Healthcare’s Crystal Ball – Predictions for 2013
By Terry Edwards

1-30-2013 5-29-45 PM

As many have noted, there’s been more innovation in the past five years than in the last 50. But it’s onward and upward, and I spent quite a bit of time over the holidays thinking about what 2013 will look like. With Obamacare here to stay, healthcare executives certainly have more clarity into what their future will look like than they did for most of 2012. Investments in IT and communications are going to continue at a steady pace and likely even increase. But here a few of the biggest shifts that will take hold in the year ahead:

EMRs will be upstaged/usurped by population health management tools. In 2012, the industry finally came to a consensus that EMRs are simply data repositories, and also remembered that they were originally created so that hospitals could capture information to send a bill – and really nothing more. As we move toward business models based on maintaining the health of populations, EMRs will become an afterthought, while population health management, predictive analytics, and actuarial capabilities take center stage. Health systems are going to be focused on putting the technologies, people, and processes in place around the EMR that will enable true population management by 2014.
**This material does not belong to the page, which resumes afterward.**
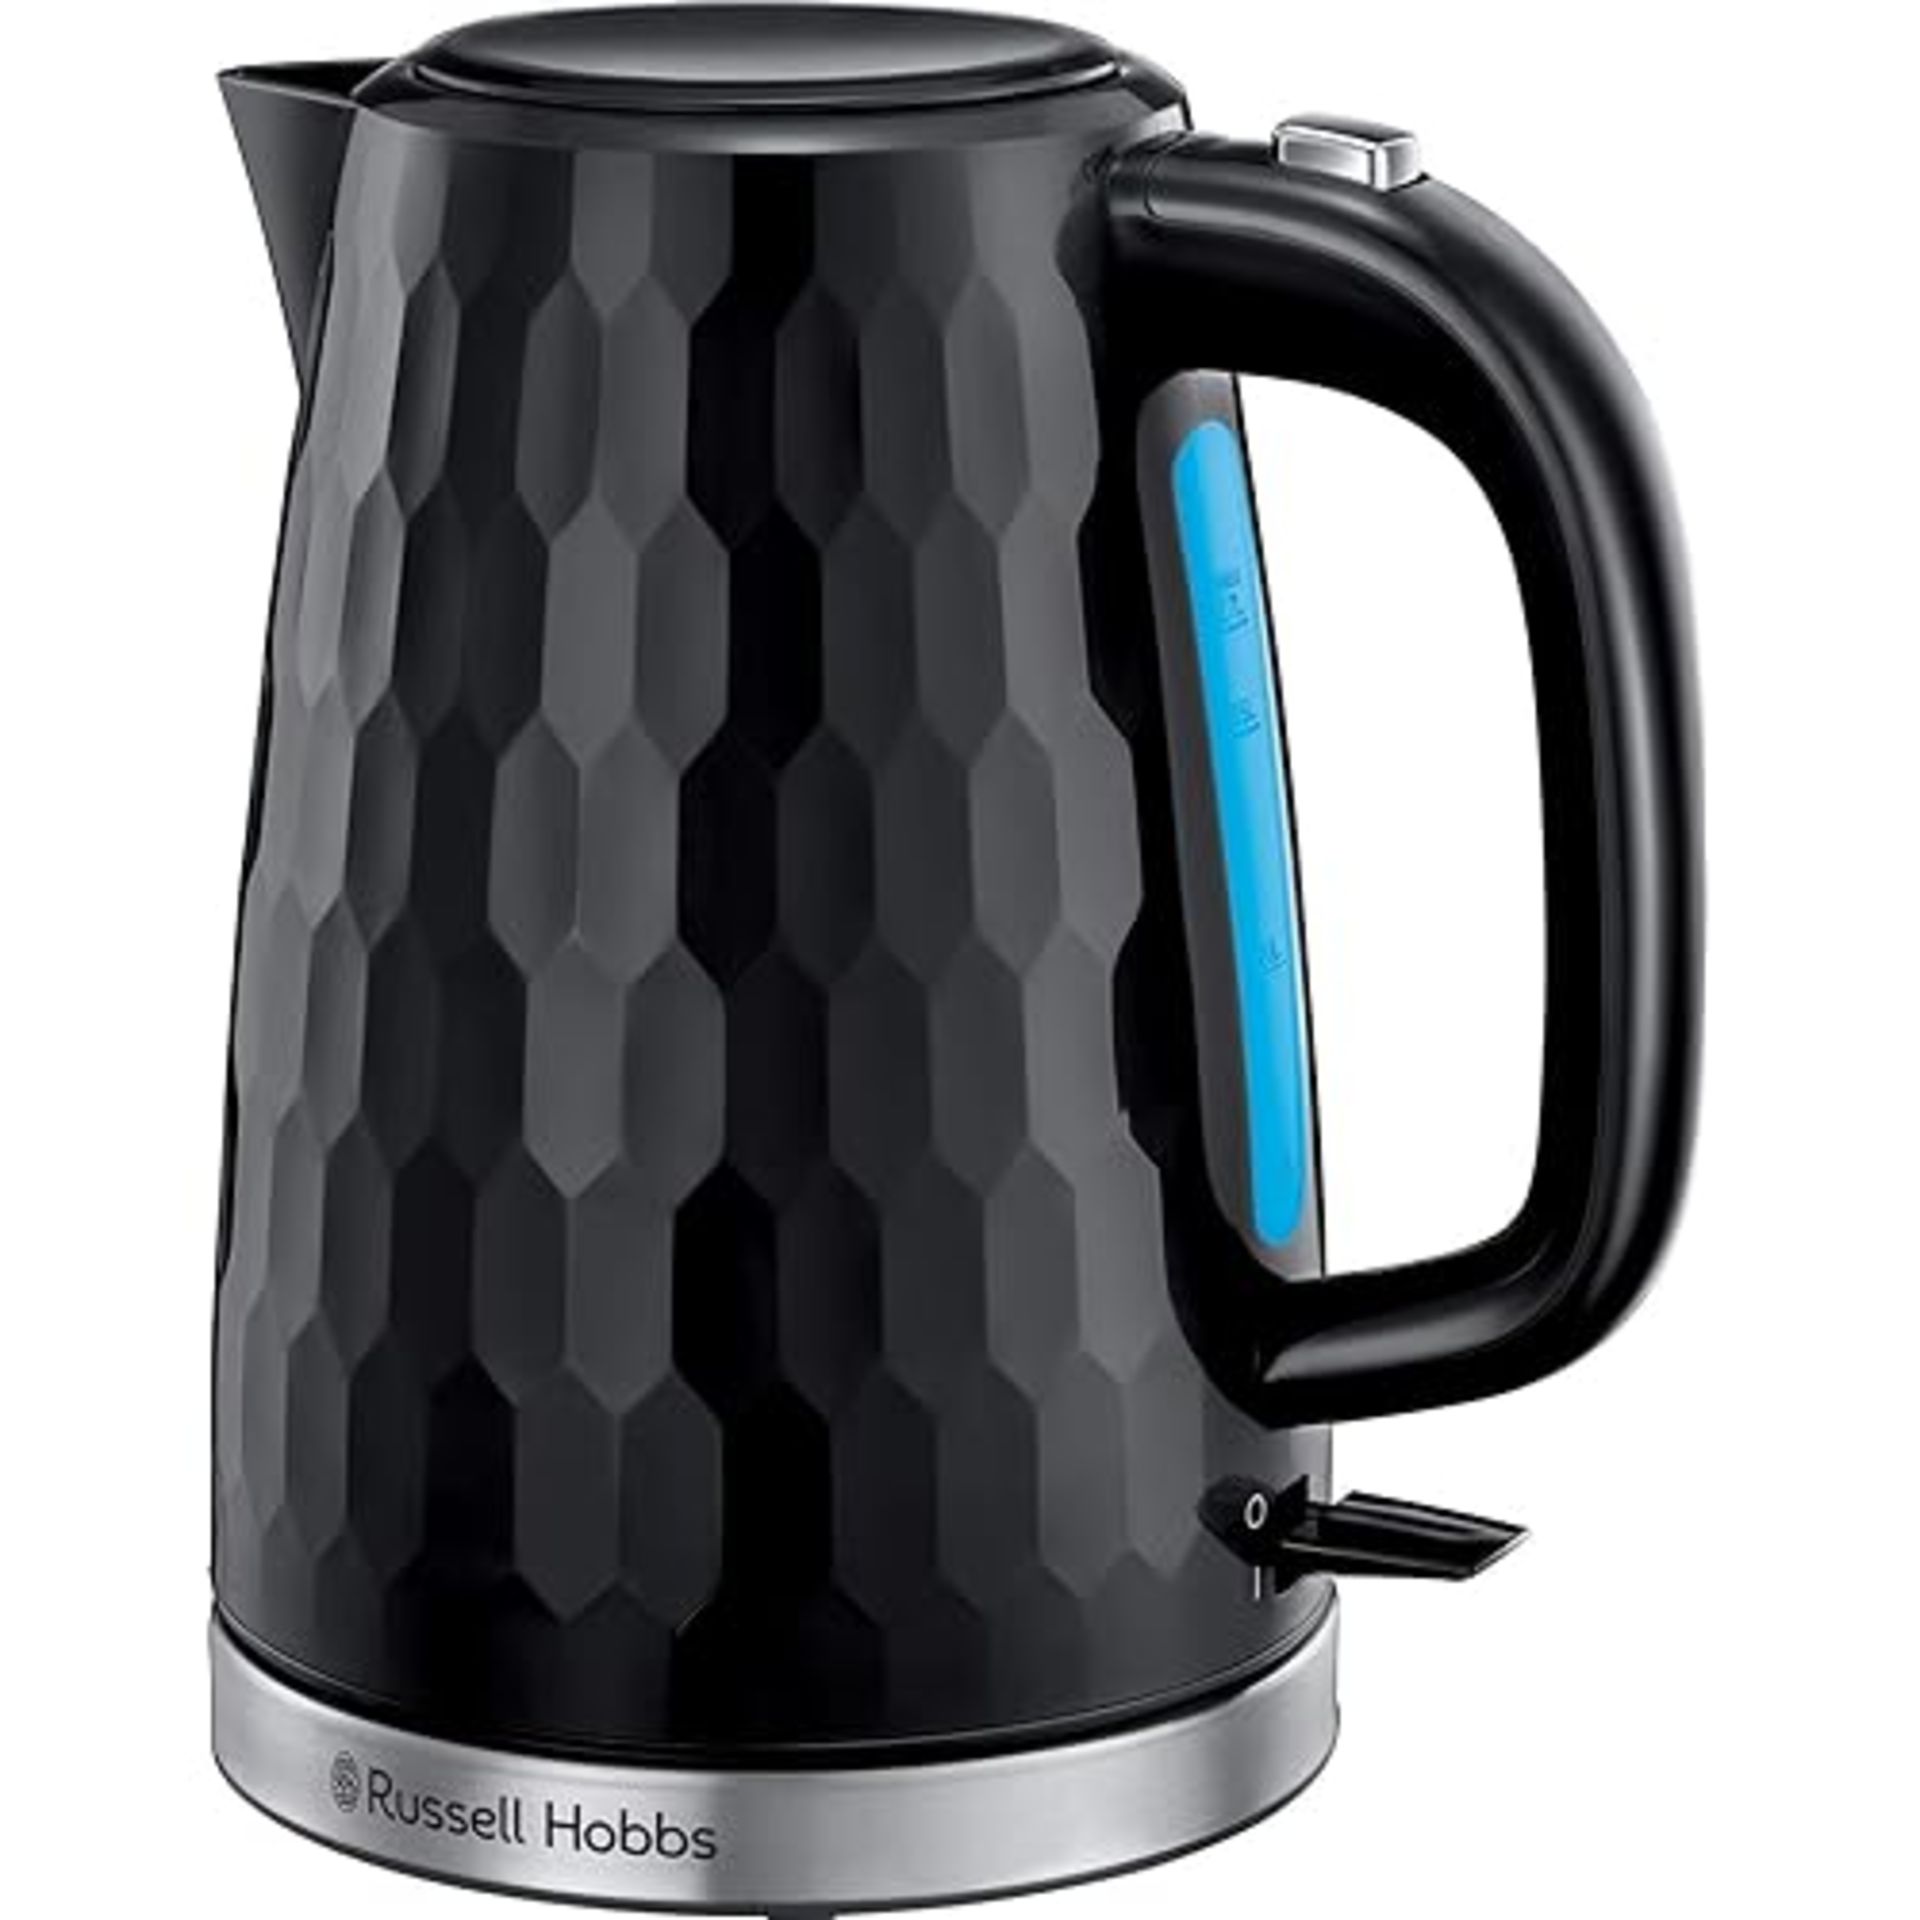 Russell Hobbs 26051 Cordless Electric Kettle - Contemporary Honeycomb Design with Fast Boil and B...

Clinical integration will take hold. Call me an optimist, but 2013 is going to be (finally!) the year of the integration. Hospitals will continue to reduce the number of systems they manage by making sure the ones they do keep can easily share data. Mobility is going to be key to pushing vendors to collaborate, because it’s going to be more and more critical that clinicians receive patient data on smartphones and other mobile devices, both within and outside the walls of the hospital.

Population health will push healthcare into the cloud. I see a huge opportunity in new applications moving to the cloud – specifically those that facilitate the freer flow of information that’s going to be required under a population health model. An ideal example: there’s a device or application that allows me to manage my weight, and I’m a patient with a chronic condition. I weigh myself every day or take my blood sugar, and that information goes from my smartphone to a database in the cloud, then accessed by my care manager. Or maybe there’s an alert that goes off if there’s a change of a certain percent over a set period of time. That’s an ideal cloud-based healthcare application, and we’ll see more of those move to the cloud in 2013.

Patients will be financially incented and will vote with their pocketbooks. To be blunt, patient accountability is an area where Obamacare really whiffed. Under the ACA, everybody is responsible except for the patient. But in the year ahead, the market will introduce more ways to incent and motivate patients, with financial pressures and rewards related to their health. We’ve already started to see new health plan designs where smokers pay more, putting a price tag on making better lifestyle choices. For those who are already more involved in their care, we’ll see them opt out of private or government-run insurance programs and gravitate toward concierge-type services. They’re also going to drive demand for better access to care, as they pay for faster, easier access to “retail” health care in CVS MinuteClinics, etc. – especially as primary care physicians continue to be spread thin.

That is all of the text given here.